European and general export markets
Corolla GT coupé (AE86, pre-facelift)
Corolla GT liftback (AE86, facelift)
Corolla GT liftback (AE86, rear view)
Australian market Sprinter liftback, based on general export model with Sprinter Trueno's taillights

North American markets
Corolla SR5 liftback (AE86), equipped with the Sprinter Trueno's front end and longer bumper; the Middle Eastern market version was based on this model
Corolla SR5 liftback (AE86, facelift) with new taillights and additional, third brake light
Corolla GT-S coupé with longer bumper and equipped with Corolla Levin's taillights (AE86, pre-facelift)
Corolla SR5 coupé (AE86, facelift)

Engines
The early 4A-GEU engine, also known as "Bigport" or "Blue Top"
The 4A-C engine powered the lower specification of AE86 in North America, Australia, Switzerland and Sweden

== AE91 & AE92 Series (1987–1991)==

The fifth generation of the Sprinter Trueno and Corolla Levin was introduced in May 1987. This generation had several changes from the previous generation, the most notable being the omission of the front-engine, rear-wheel drive (FR) layout of the previous generation in favour of a more conventional front-engine, front-wheel drive (FF) layout in-line with the other Corollas of the same generation. The 3-door liftback body style was dropped from this generation and was only produced in the 2-door coupé body style.

Like the preceding AE85/86 models of the previous generation, it had two different front end styles for each models. The Sprinter Trueno had a much more slanted front fascia with retractable pop-up headlights, while the Corolla Levin had a much more levelled bonnet line with fixed rectangular headlights. All of the engines produced during this generation were DOHC engines, as opposed to the SOHC engines used for the previous AE85 models. New to the sporty coupés was the supercharged GT-Z trim, which was the highest and fastest trim level of the AE92 at the time. This trim comes equipped with a supercharged version of the 4A-GE engine called the 4A-GZE, combined with an SC12 roots type supercharger and a top mounted intercooler fed by a GT-Z-specific bonnet scoop. This new engine had previously been used in the supercharged AW11 MR2 a year prior to the introduction of the E90 series Sprinter/Corolla.

For the AE91 series, the new G, L, Xi and Zi trim levels replaced the previous generation's GL, XL, SR and SE trim levels of the AE85 respectively. The G (Levin) and L (Trueno) featured the carburetted 1.5 L 5A-F engine while the better equipped Xi (Trueno) and Zi (Levin) featured the more economical fuel injected 1.5 L 5A-FE. The female-oriented XL Lissé and GL Lime models of the AE85 were carried over to the AE91 series and renamed as simply Lime (Levin) and Lissé (Trueno), all while retaining their same purpose. The Lime and Lissé were luxury variants of the G and L trims respectively, featuring unique upholstery, power steering, and an automatic transmission, among others.

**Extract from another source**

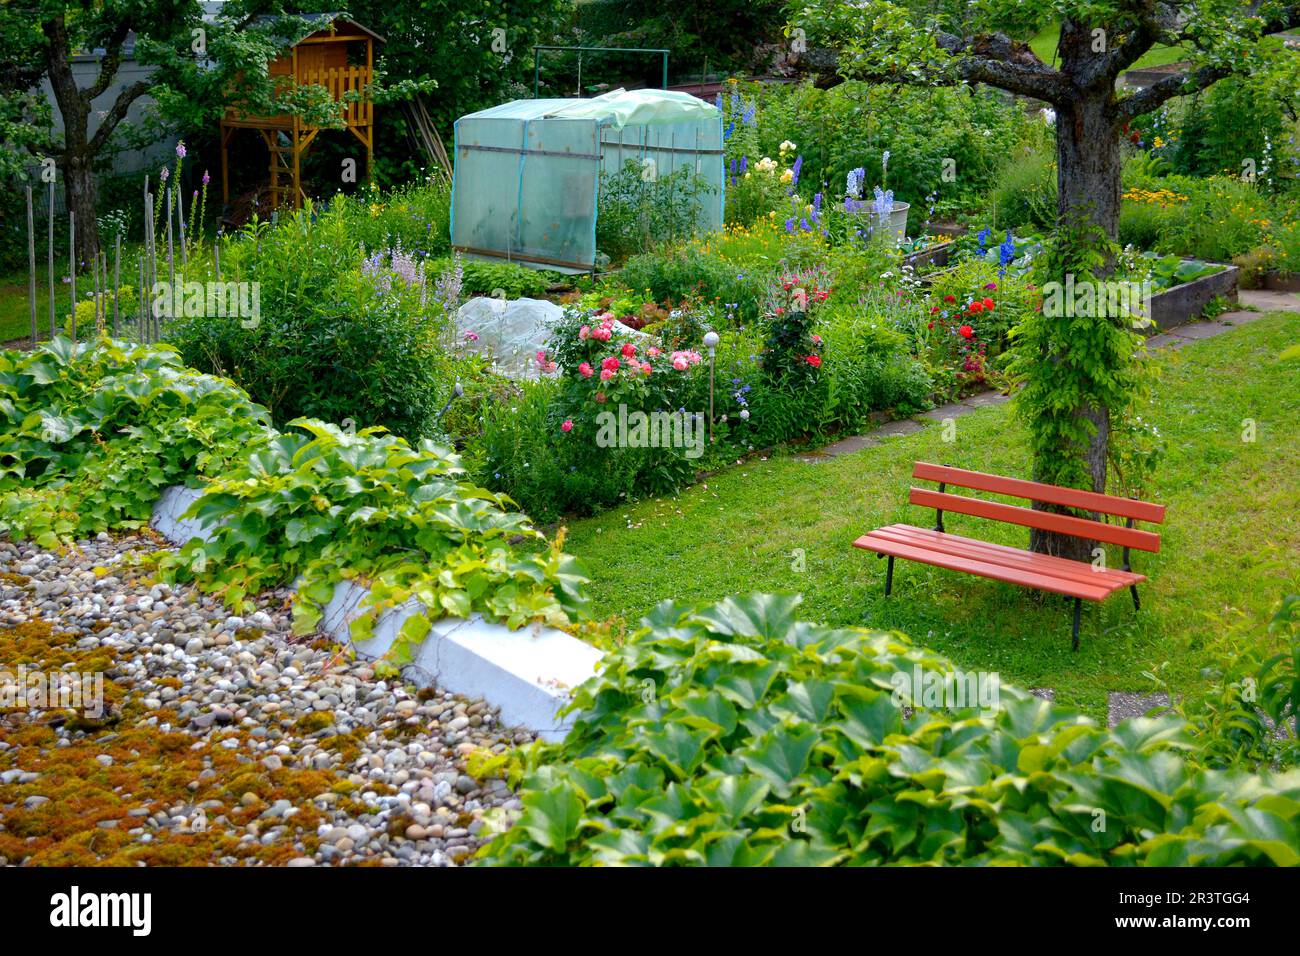 Jardín rural con banco de jardín Foto de stock

Standard transmission for all models is 5-speed manual. The 3-speed automatic was offered in the more affordable L, Lime and Trueno, or 4-speed automatic for the middle grades G, Zi and Xi, as well as the high-performance GT, GTV and GT-APEX. The sole gearbox for the supercharged GT-Z is 5-speed manual. On the GT-APEX model, a semi-active suspension technology called Toyota Electronic Modulated Suspension (TEMS) and a digital cluster similar to the one found in the AE86 GT-APEX models were also offered as factory options.

The early models, known as the "Zenki" (前期) generation, were first introduced in 1987. The engines used during this generation were less powerful compared to the later models, with the naturally aspirated 4A-GE producing 120 PS, the same power figures as the first generation 4A-GE in net output. The supercharged 4A-GZE on the other hand produces 145 PS, the same power figures as the engine found in the supercharged AW11 MR2. The 4A-GE engines in this generation were late "bigport" versions, denoted by the red-and-black lettering on the cam covers. These engines (aside from the 4A-GZE) retained the T-VIS intake system from the early "bigport" versions found in the previous AE86 models, among other minor changes. The carbureted 5A-F produced 85 PS, while the fuel injected 5A-FE produces 9 PS more power than the 5A-F engine. These early models also had differently styled front-ends, with the front bumpers of the Levin having a different design with a small upper grille that extends to both ends of the bumper. The Trueno's front bumper design resembles that of the preceding facelifted AE86, but with the combo lights placed between the headlights and bumpers. In early 1989, a limited-edition model based on Levin GT-APEX called the Black Levin 204 was added to the line up, with a limited run of 520 units. The car was painted with export specification 204 code black metallic paint, yellow halogen bulb headlights and standard electric moonroof for 240 units only.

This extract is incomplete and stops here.